The analyses performed in this paper raised many observations concerning the use of materials in the three Royal Manufactories of tapestry during the eighteenth century. Indeed, the mapping from hyperspectral imaging, as opposed to point methods, allowed for the rapid visualisation of the dyes and textiles used as well as the identifying the correlation between textile use and colour. Both wool and silk were used for tapestry production, but were dyed in different ways. For example, textiles were dyed with madder and indigo on wool and weld or light colours on silk in Aubusson, whereas cochineal and indigo were dyed either on wool or silk at the Gobelins and Beauvais Manufactories. Our analyses also highlight the less frequent use of silk or cochineal in Aubusson.
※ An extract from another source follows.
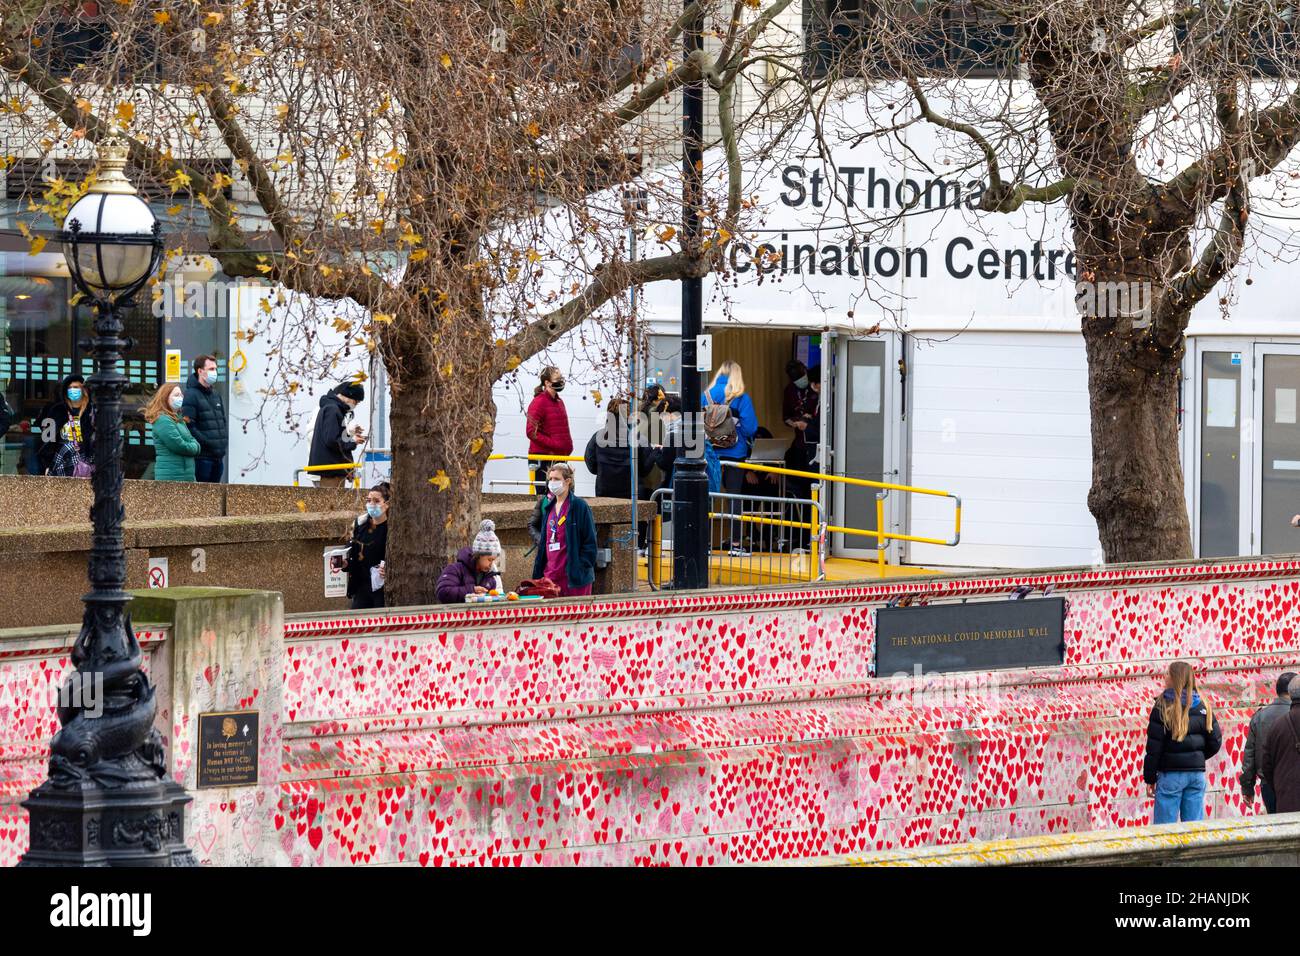 London, UK. 14th Dec, 2021. queues for Covid booster vaccine at St Thomas' hospital Westminster London The National Covid Memorial Wall is in the foreground, Credit: Ian Davidson/Alamy Live News Stock Photo

HSI in V-NIR and SWIR proved to be effective methods for the identification and mapping of materials (dyes and fibres) of old tapestries. However, in the case of tapestries, there are certain complexities due to light degradation and the non-planarity of the surface. This paper shows the consequences of those material particularities on the classification methods. Indeed, the external method is less efficient due to the use of “fresh” (not degraded) samples with the colour chart. The classification methods with internal reference used through ENVI-SHW, on the other hand, provide a more effective first approach to identifying the distribution of textiles used in the SWIR range (as well as indicating the vibrational features via the RGB channels). This method also allows us to map the different dyes and to identify dyes with an easily recognisable spectra in the V-NIR range. In the future, this treatment should be further developed to facilitate the differentiation of areas where the same dye is used but in different shades. Presently, the effects of degradation and/or material geometry can cause misleading classifications due to the separation of pixels that have been dyed using the same formulation.
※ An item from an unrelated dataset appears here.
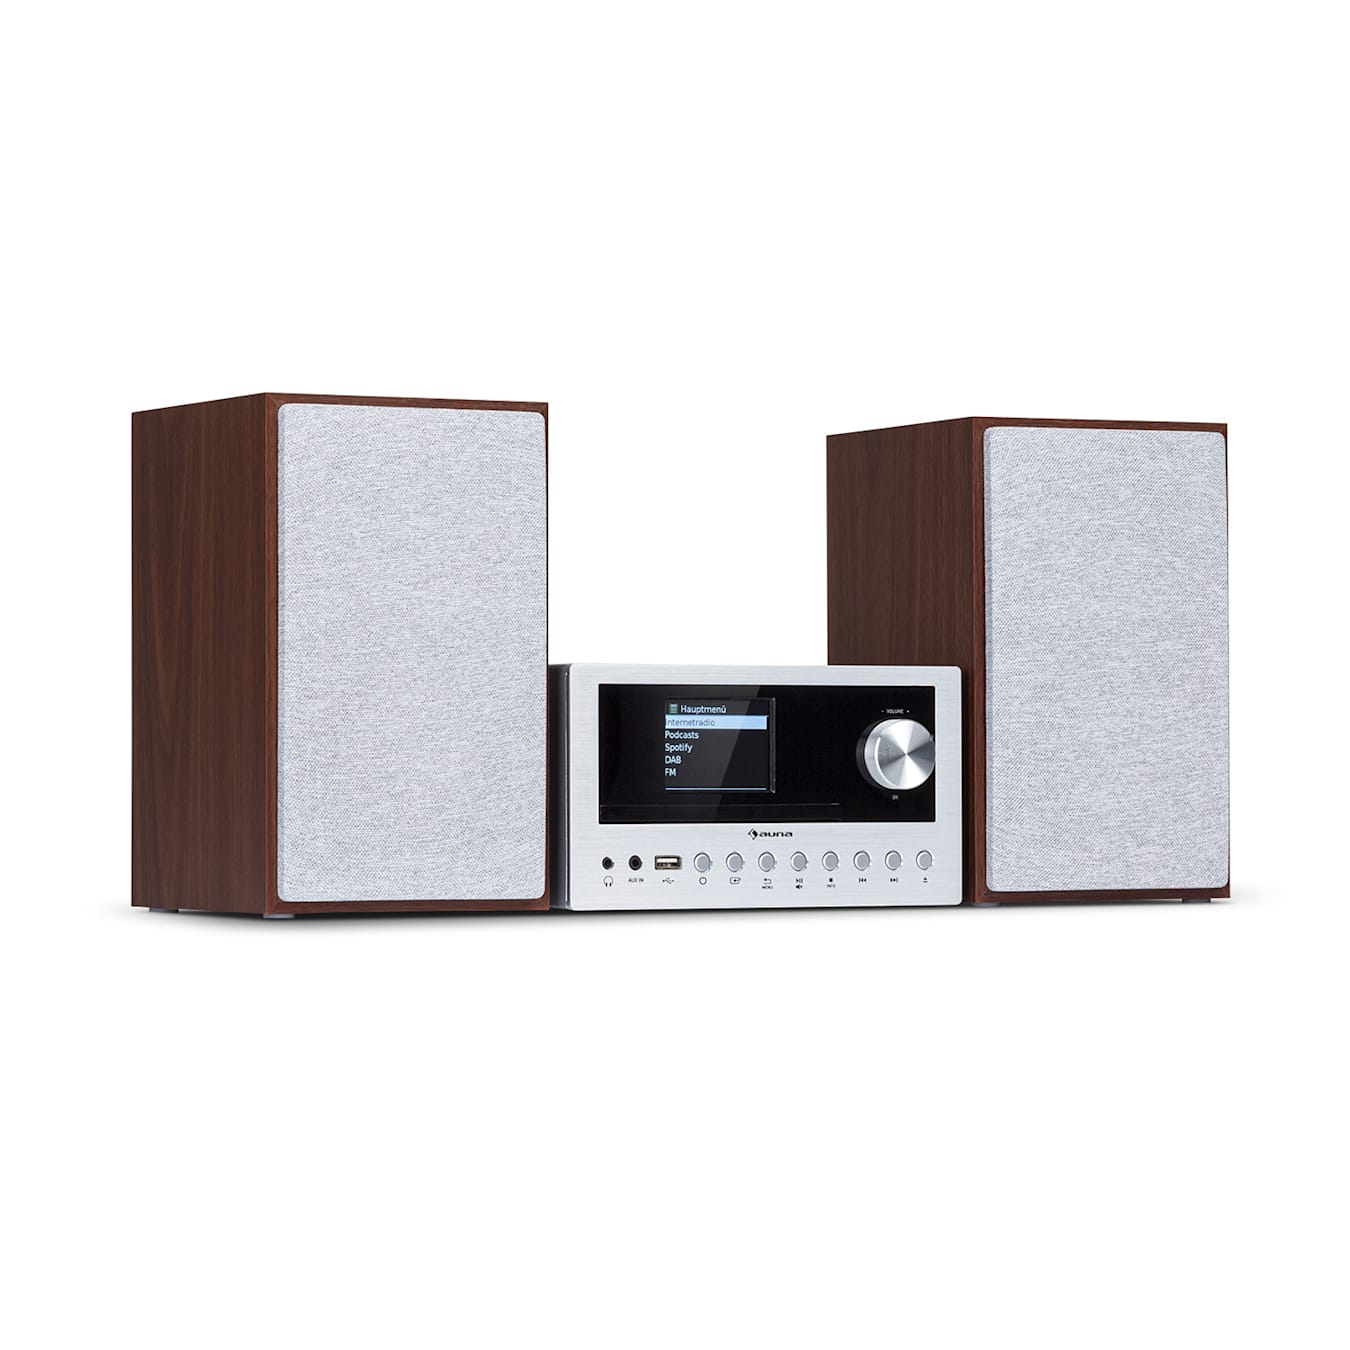 Connect System stereo system | 40 watt max. | 2 x 15 watt RMS speakers |  internet/DAB+/FM radio | CD player | Bluetooth | Spotify Connect | USB  connection | multiroom function | app control (UNDOK) | Silver

Finally, the power of hyperspectral imaging and its use in two domains (V-NIR and SWIR) has enabled many observations that may indicate a real economic difference between the different manufactories. Furthermore, the results indicate that sometimes the imagery, the richness of the theme, and/or the materials may have taken precedence over technical considerations. For example, one can wonder if the use of indigo, which fades quickly when used as a silk dye, is indicative of more than a simple desire to show the luxury of the Gobelins Manufactory as compared to others. Overall, given these results, this analysis thus allows for a better understanding of the place that the Aubusson Manufactory occupied within the French economic and artistic landscape.